Repeat, word for word, all the data that follows, and exclude the pictures.

--- Data extract ---
--------------------------------

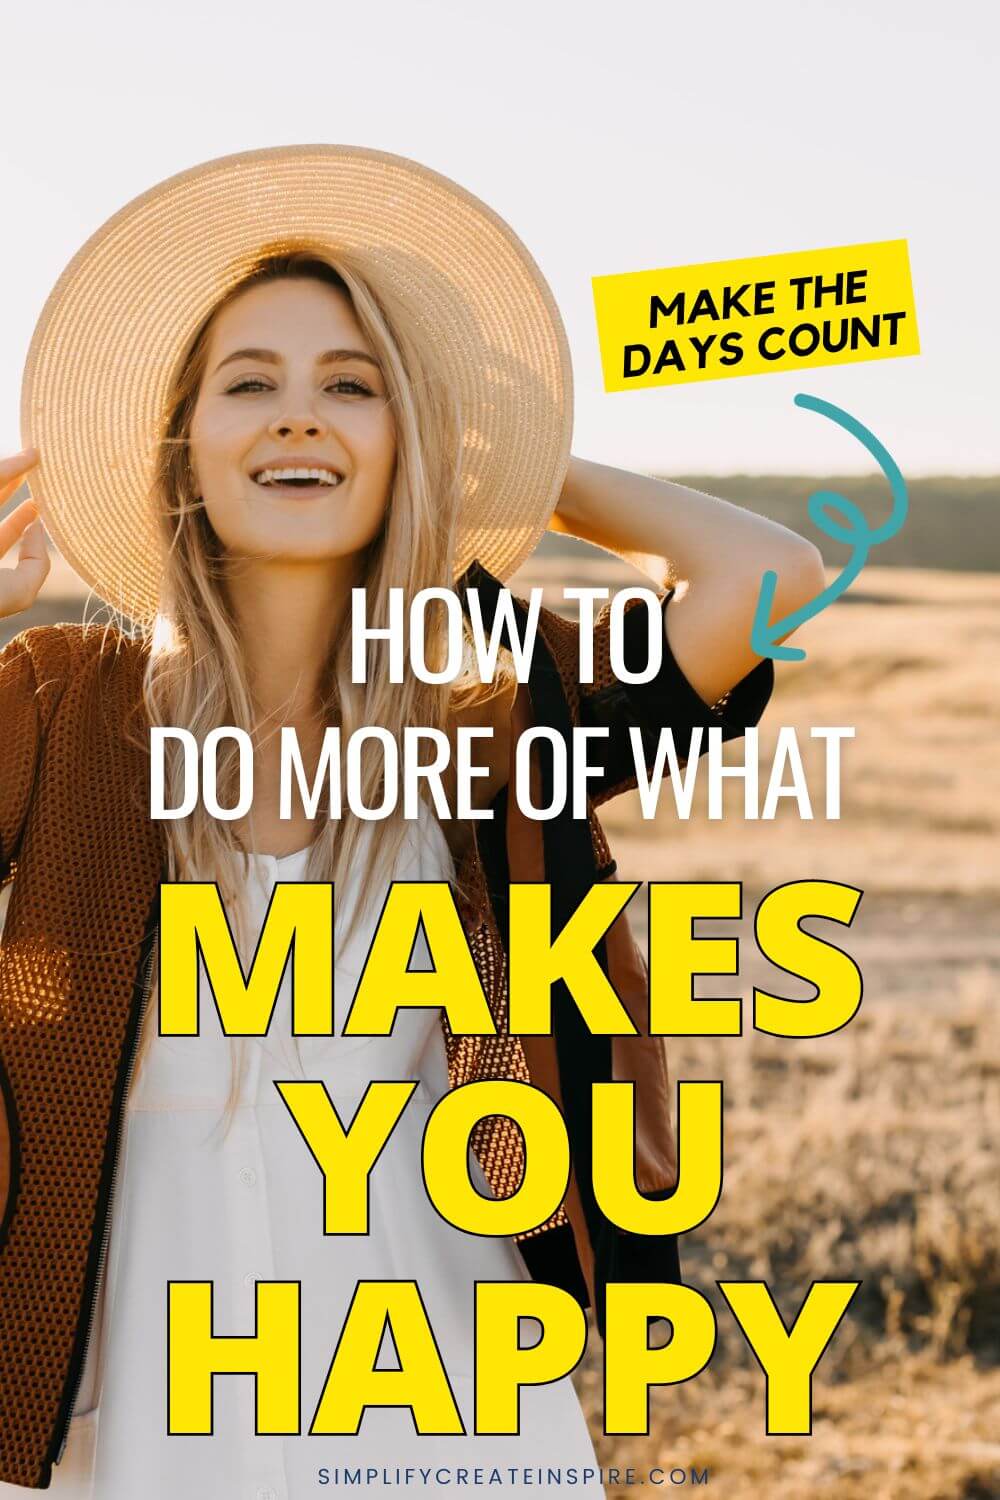 How to do more of what makes you happy.
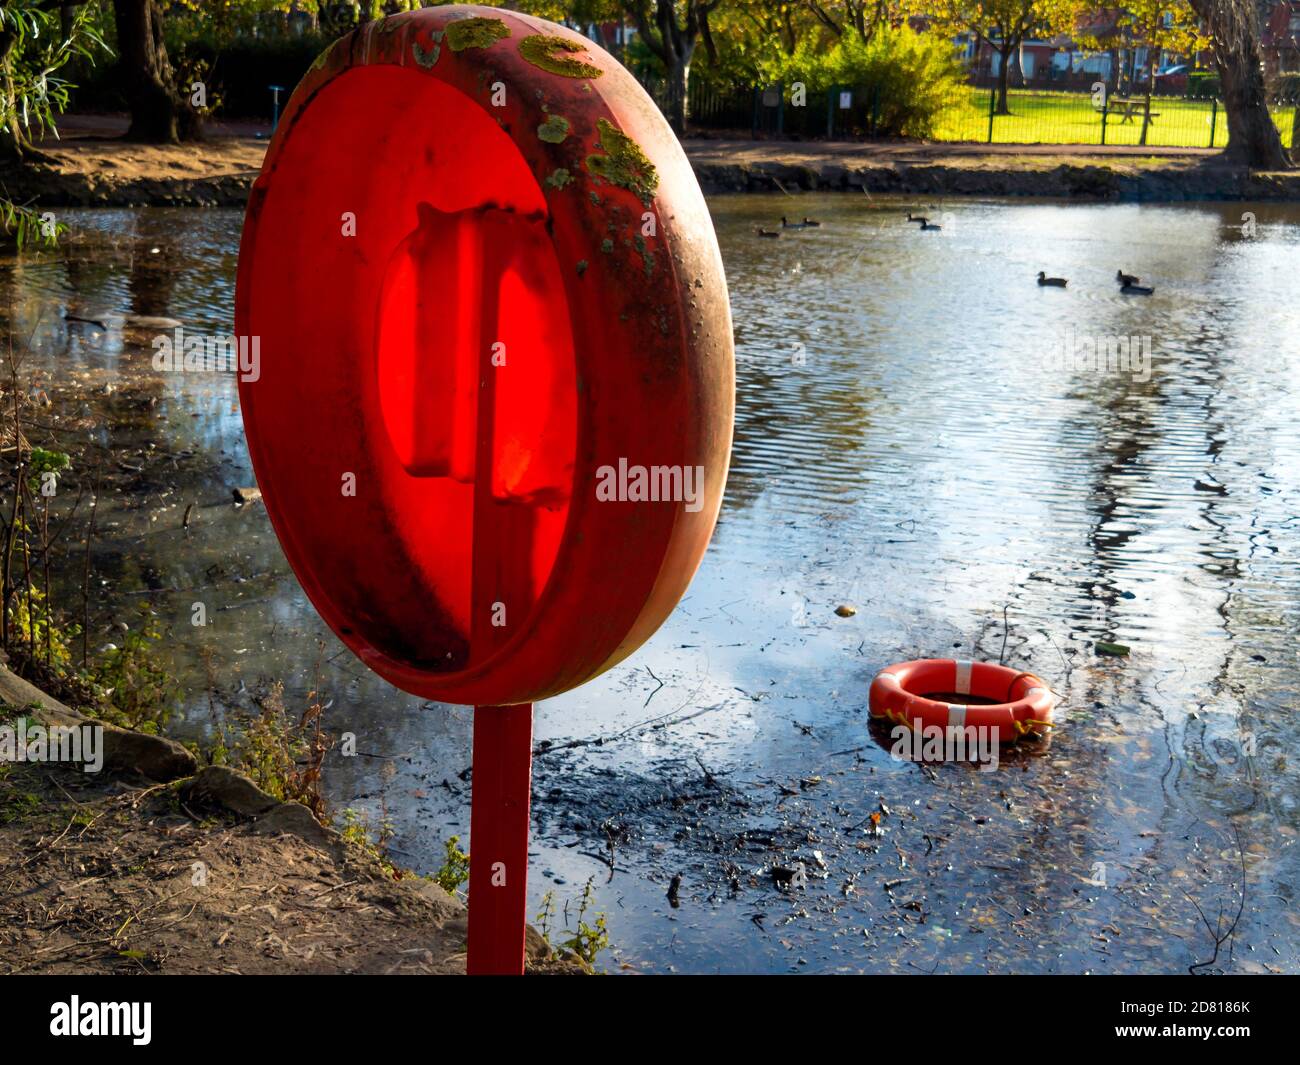 A lifebelt as a safety measure by a lake in a public park made useless by having been vandalized and thrown out of reach into the water Stock Photo
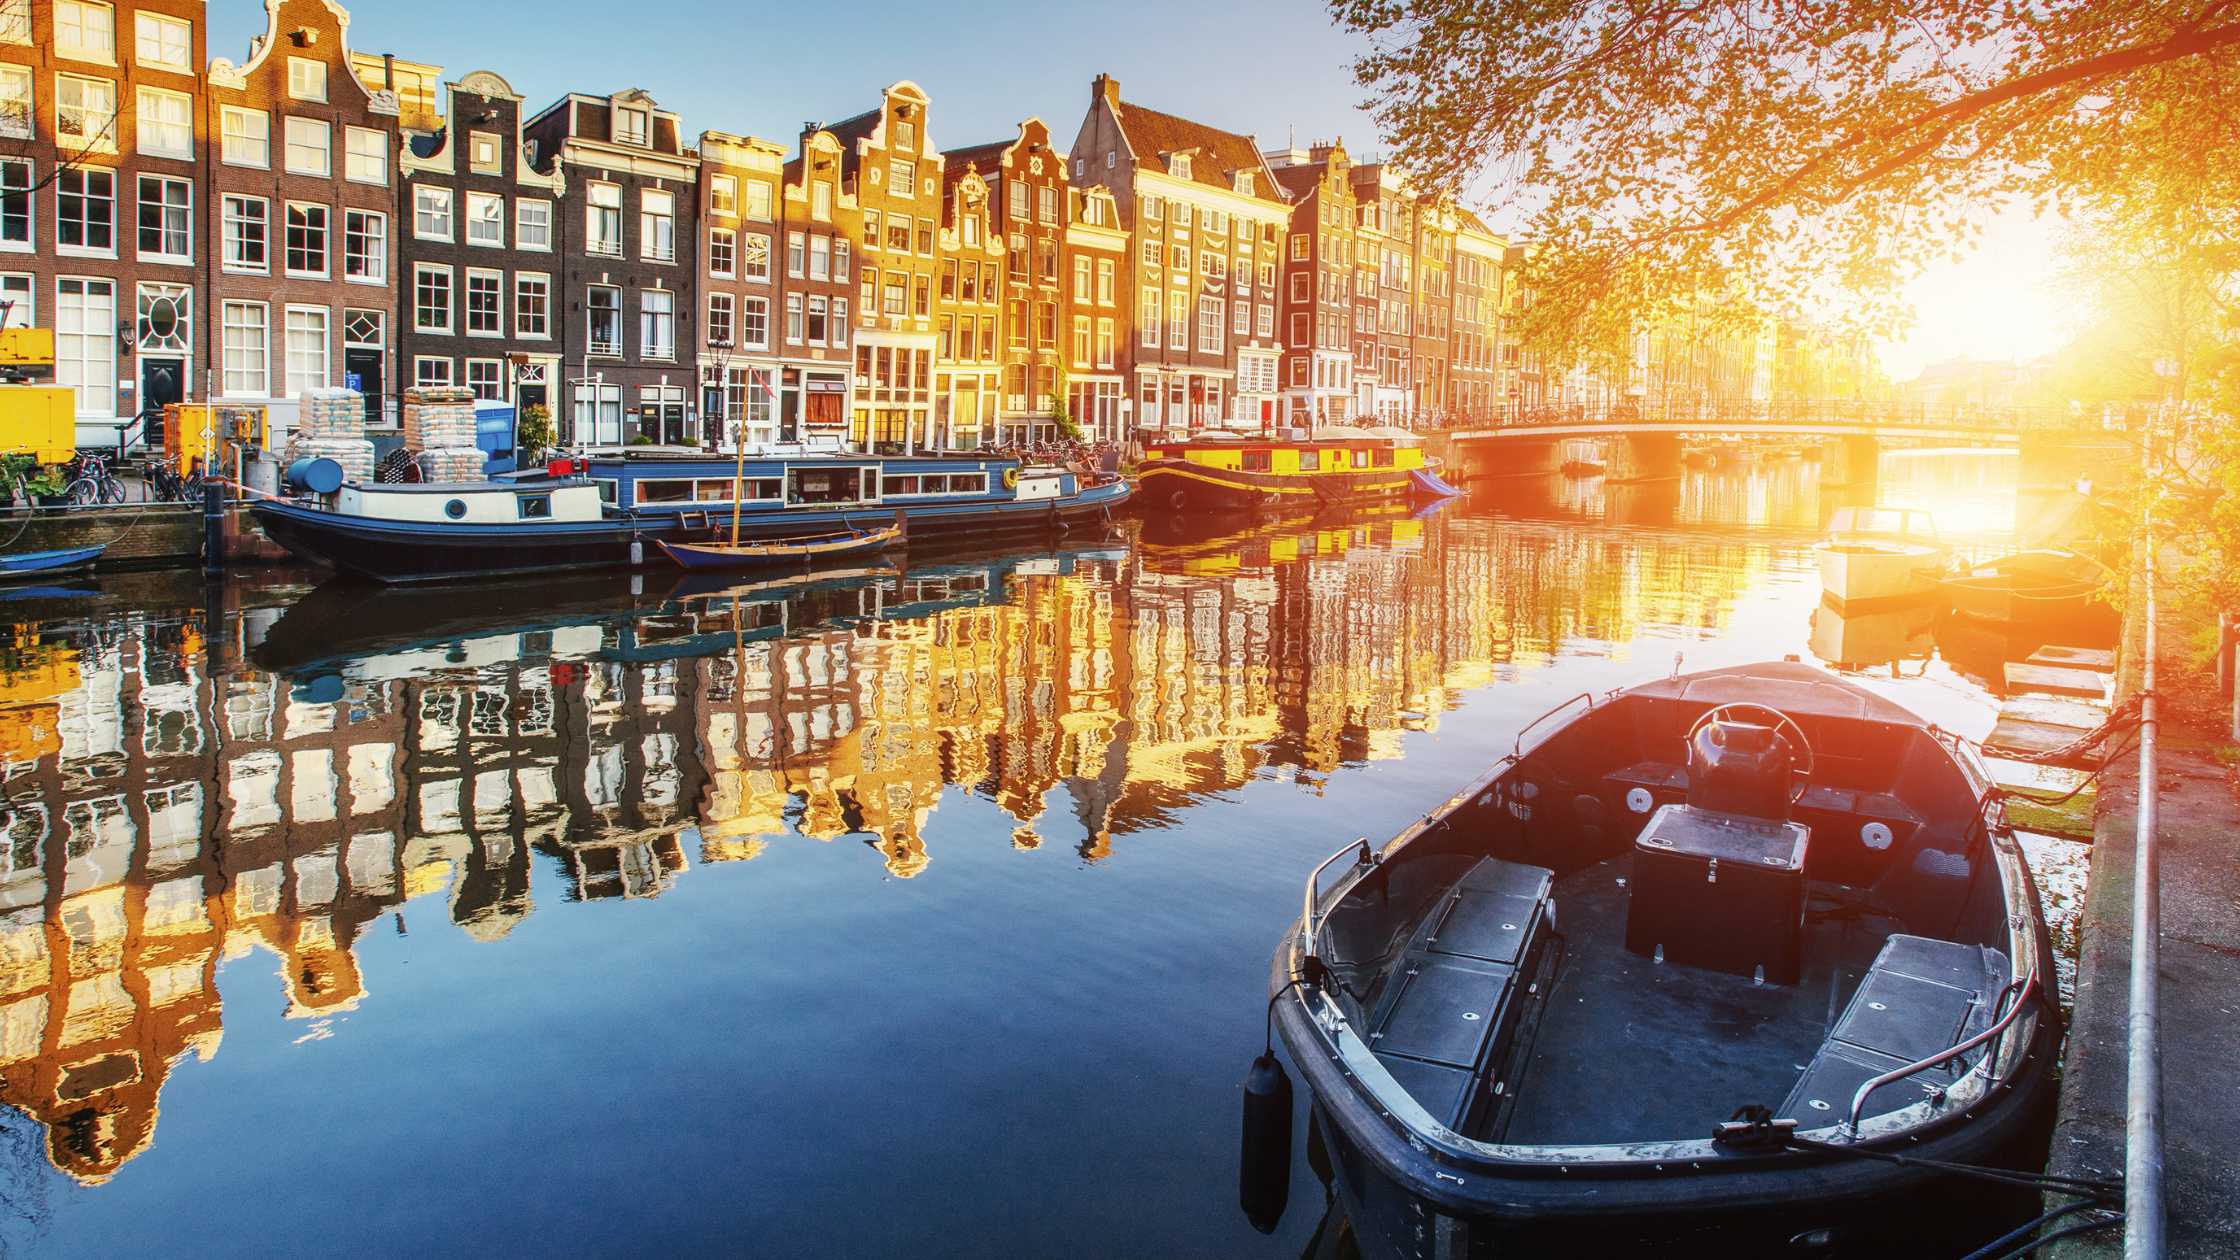 Amsterdam: let’s book the perfect holiday together!

--------------------------------

--- Output below ---
 How to do more of what makes you happy.
 A lifebelt as a safety measure by a lake in a public park made useless by having been vandalized and thrown out of reach into the water Stock Photo
 Amsterdam: let’s book the perfect holiday together!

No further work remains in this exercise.